`MerklGaugeMiddleman.sol::_notifyReward` does not update when other functions call

Github username: -- Twitter username: datamcrypto Submission hash (on-chain): 0xb78a15e2c90b3be4e69b32193fb384adba563a09eb4a56649e0c194d1d9ea0a6 Severity: high

Description: Description\ `function notifyReward(address gauge, uint256 amount) internal { DistributionParameters memory params = gaugeParams[gauge]; if (params.uniV3Pool == address(0)) revert InvalidParams();

    IERC20 tokenChache = token;

    if (amount_ == 0) amount_ = tokenChache.balanceOf(address(this));

    if (amount_ > 0) {
        params.epochStart = uint32(block.timestamp);
        params.amount = amount_;

        IDistributionCreator creatorCache = merklDistributionCreator;
        if (amount_ > creatorCache.rewardTokenMinAmounts(address(tokenChache)) * params.numEpoch) {
            uint256 distributionAmount = creatorCache.createDistribution(params);
            emit CreateDistribution(msg.sender, gauge_, amount_, distributionAmount);
        } else {
            tokenChache.safeTransfer(msg.sender, amount_);
        }
    }
}`

If amount is greater than zero, the function proceeds to set the epochStart and amount in the params struct for the gauge. However, modifying params directly does not persist since params is a memory variable; changes to it are not written back to gaugeParams[gauge]

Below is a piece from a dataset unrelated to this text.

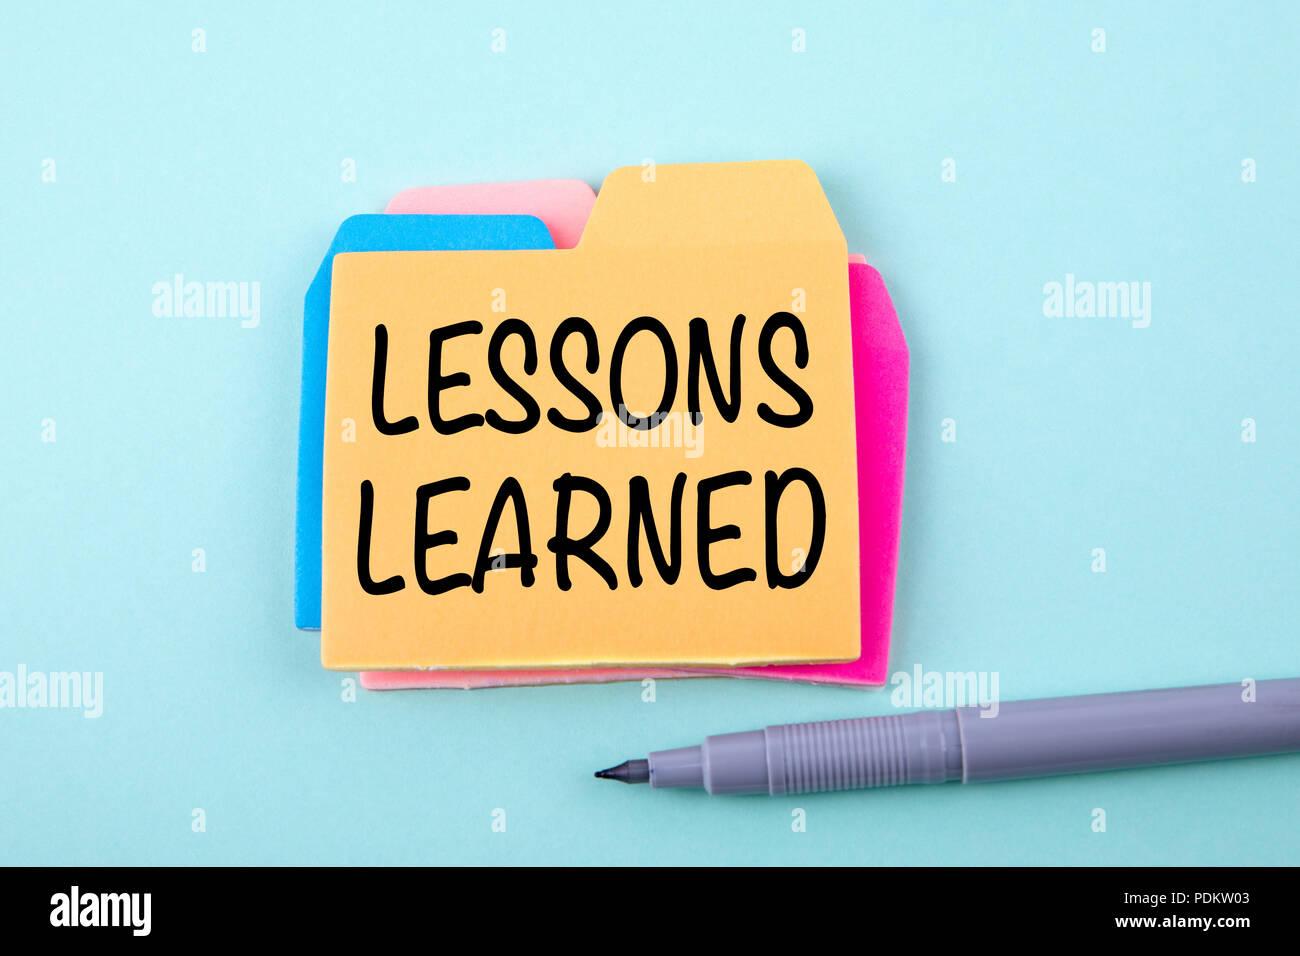 Les enseignements tirés. Concept de l'éducation Photo Stock

Attack Scenario\ The logical consequence of this issue is that the contract's state, specifically the gaugeParams[gauge_], remains unchanged despite the function's apparent intention to update it. This means that any logic depending on the updated epochStart and amount in subsequent contract interactions will not behave as intended because the updates are not persisted.

In the provided code, DistributionParameters for a specific gauge are retrieved and stored in a memory variable named params. This is done with the line: `DistributionParameters memory params = gaugeParams[gauge]; After this, the code conditionally updates params.epochStart and params.amount based on the current block timestamp and the reward amount (amount_), respectively: params.epochStart = uint32(block.timestamp); params.amount = amount_;` However, because params is a memory variable, these updates are not reflected in the contract's storage. The modifications are effectively lost once the function execution completes, as memory variables only exist during the execution of a function call.

Attachments

Proof of Concept (PoC) File Initial State: Let's saygaugeParams[gauge_] has epochStart = 0 and amount = 0 for a gauge identified by gauge_.

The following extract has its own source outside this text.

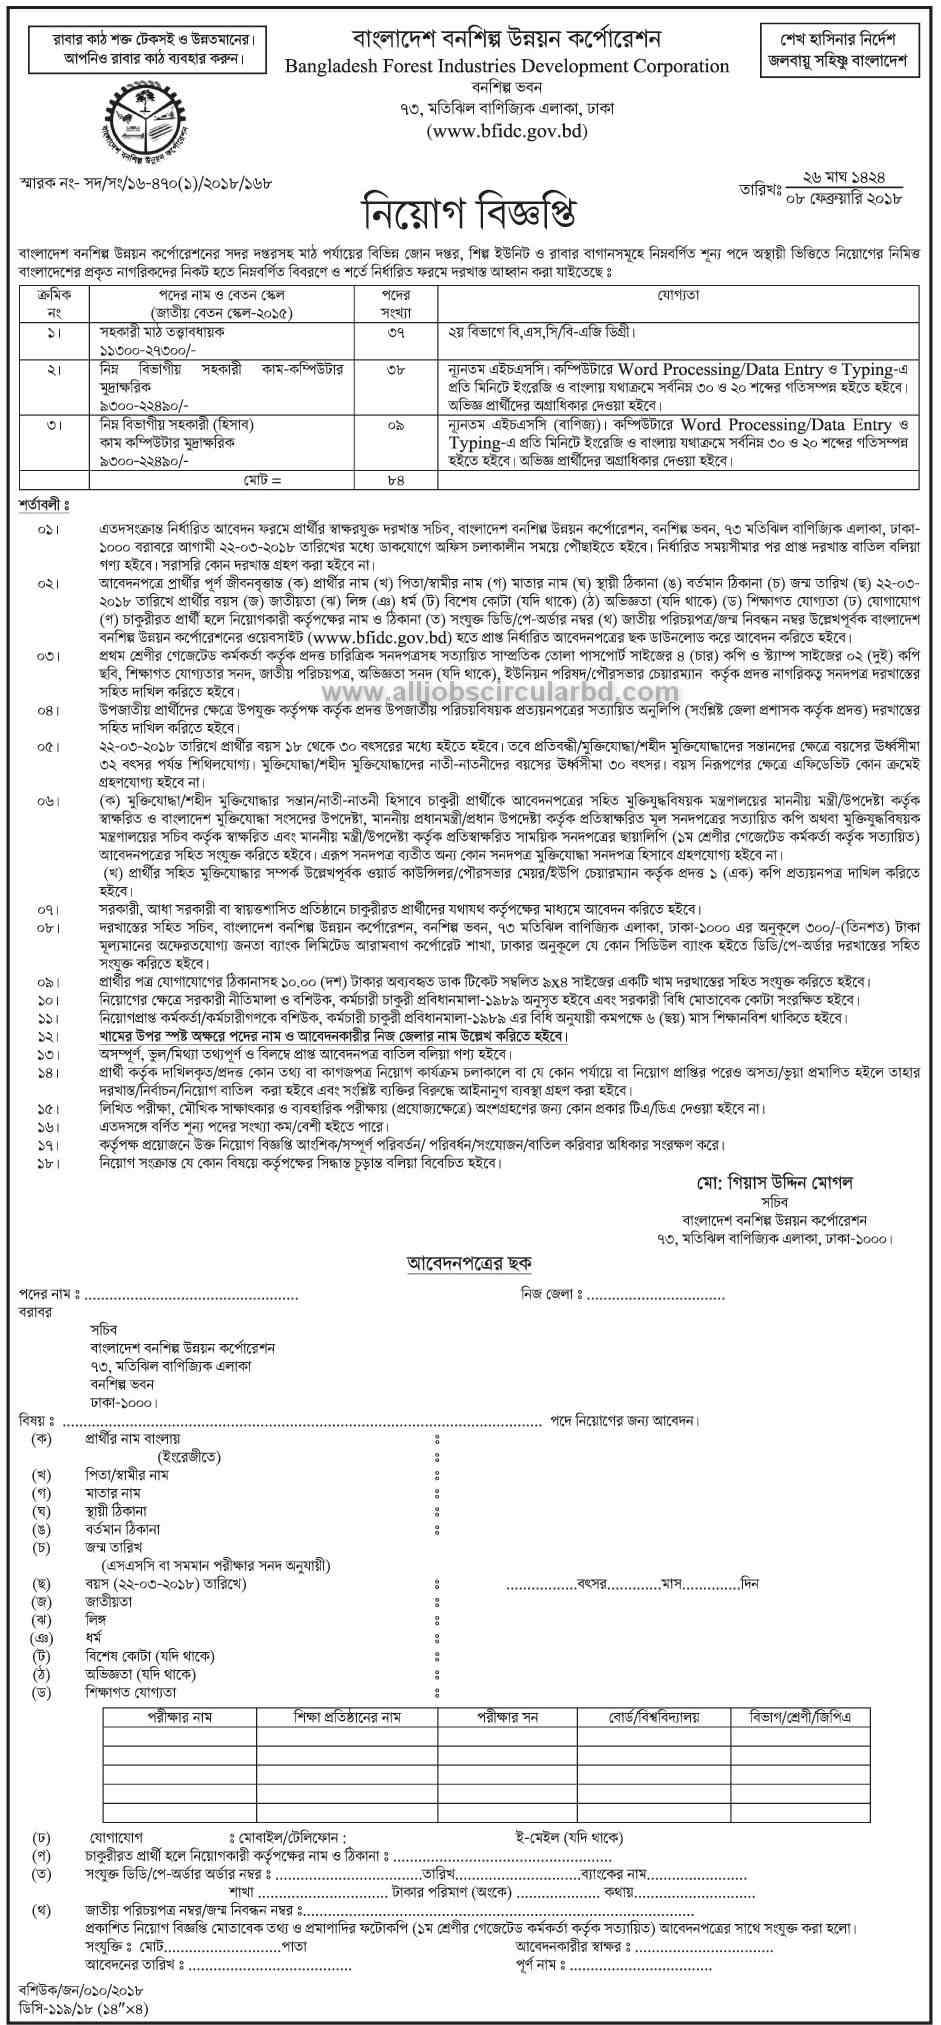 BFIDC Job circular

Calling notifyReward: The function is called with gauge and amount_ = 1000. The current block timestamp is 12345678.

Expected Behavior: The platform expects that calling this function will update the epochStart to 12345678 and amount to 1000 for gauge_, and then possibly create a distribution if the amount criteria are met.

Actual Outcome: While the function executes, params is updated in memory with epochStart = 12345678 and amount = 1000. However, since params is a memory variable, these changes are not written back to gaugeParams[gauge] in storage. After the function execution, gaugeParams[gauge] still has epochStart = 0 and amount = 0.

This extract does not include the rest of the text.